Root cause and why it kept recurring

When a :telemetry handler raises, :telemetry permanently detaches it. So the handler crashes once per pod (hence Occurrences: 1), Finch tracing goes silently dark for that pod, and it reappears on the next deploy when a fresh pod re-attaches and the first streamed download crashes it again. Prod-only because the OpenTelemetry handlers only attach when traces_exporter != :none.

The two redirect fixes from last week (#11126, #11175) correctly fixed redirect + streaming composition in the worker, but the crash lives in the OTel telemetry handler and is tripped by any streaming Req request, so those fixes never touched it.

Why this solution

The published Hex package opentelemetry_finch 0.2.0 is a Bancolombia fork that has been unmaintained since November 2022 — we cannot get a fix merged/released there. The canonical, maintained instrumentation lives in opentelemetry-erlang-contrib (v0.3.0), and it already handles this case — its extract_status/1 matches the streaming {:ok, {_, %{status: status}}} tuple and falls back to nil for anything unexpected, instead of blindly calling response.status:

defp extract_status({:ok, %{status: status}}) when is_integer(status), do: status
defp extract_status({:ok, {status, _, _}}) when is_integer(status), do: status
defp extract_status({:ok, {_, %{status: status}}}) when is_integer(status), do: status
defp extract_status(_), do: nil

We already consume that monorepo via git for opentelemetry_ecto, the module name and OpentelemetryFinch.setup() API are unchanged, and it requires opentelemetry_api ~> 1.4 (already satisfied) — so this is a drop-in, no-vendoring fix. An earlier revision of this PR vendored a patched handler in tuist_common; that has been removed in favor of using upstream directly.
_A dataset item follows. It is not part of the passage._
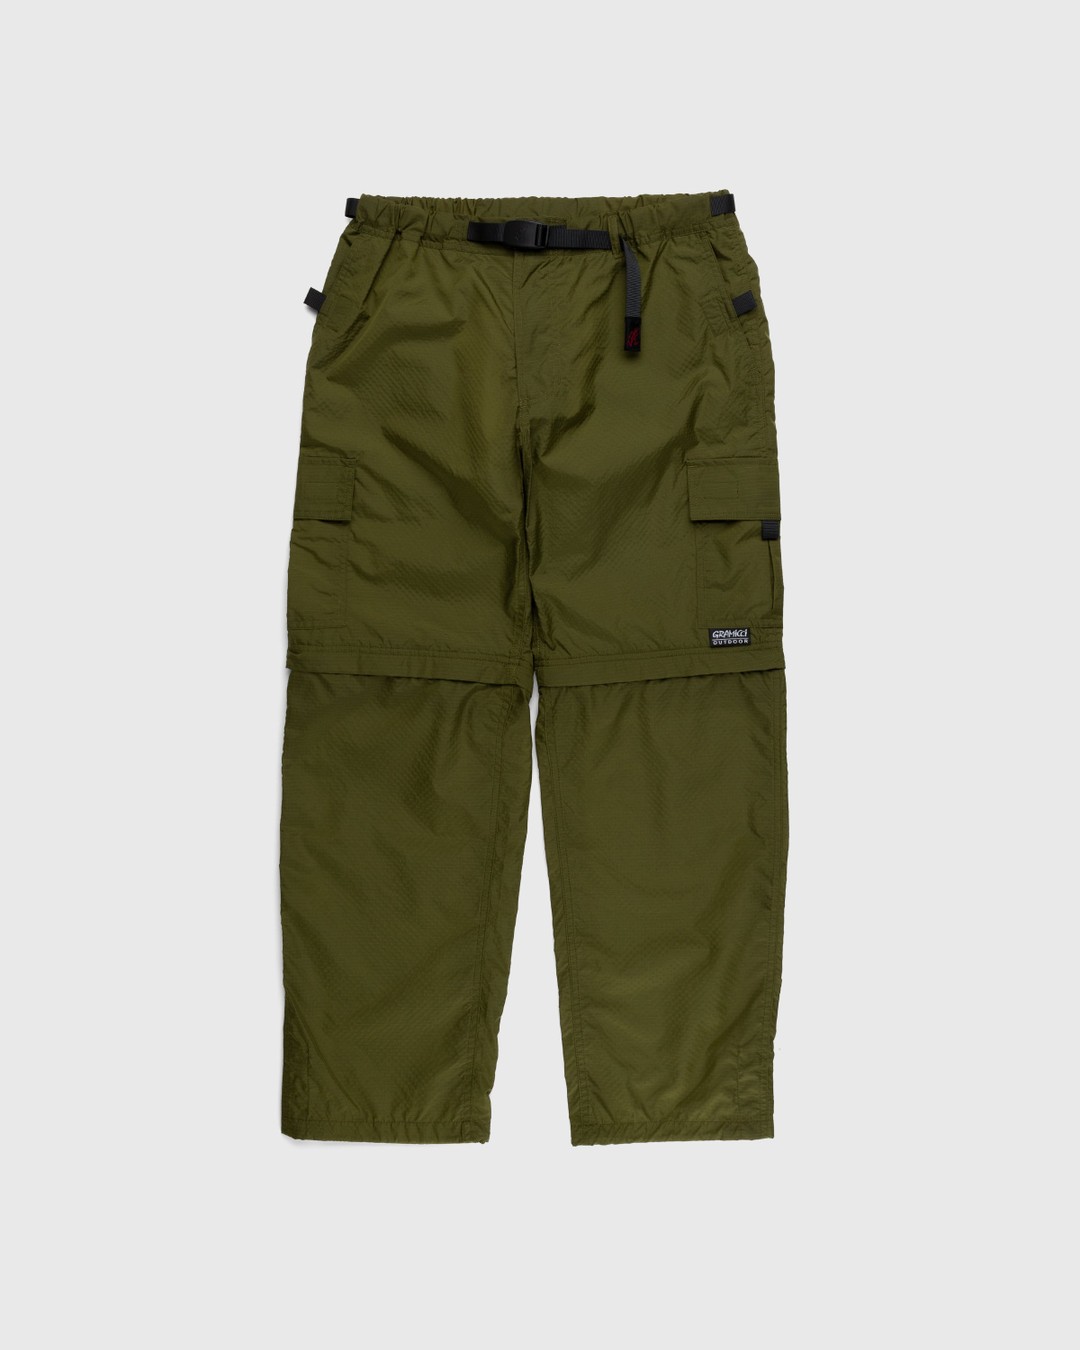 Gramicci – Utility Zip-Off Cargo Pant Army Green - Cargo Pants - Green - Image 2

The cache app uses the same Hex package and carries the same latent bug, but is intentionally left out of this PR to keep changes to cache minimal — it can adopt the maintained source separately if/when it matters there.

User/developer impact

  • Server Finch client spans keep being emitted after the first streaming request (previously tracing went dark per pod).
  • No more :badmap telemetry crash noise in Sentry from the server.

Validation

  • mix deps.get resolves the contrib source; server compiles clean.
  • Net diff is limited to server/mix.exs + server/mix.lock.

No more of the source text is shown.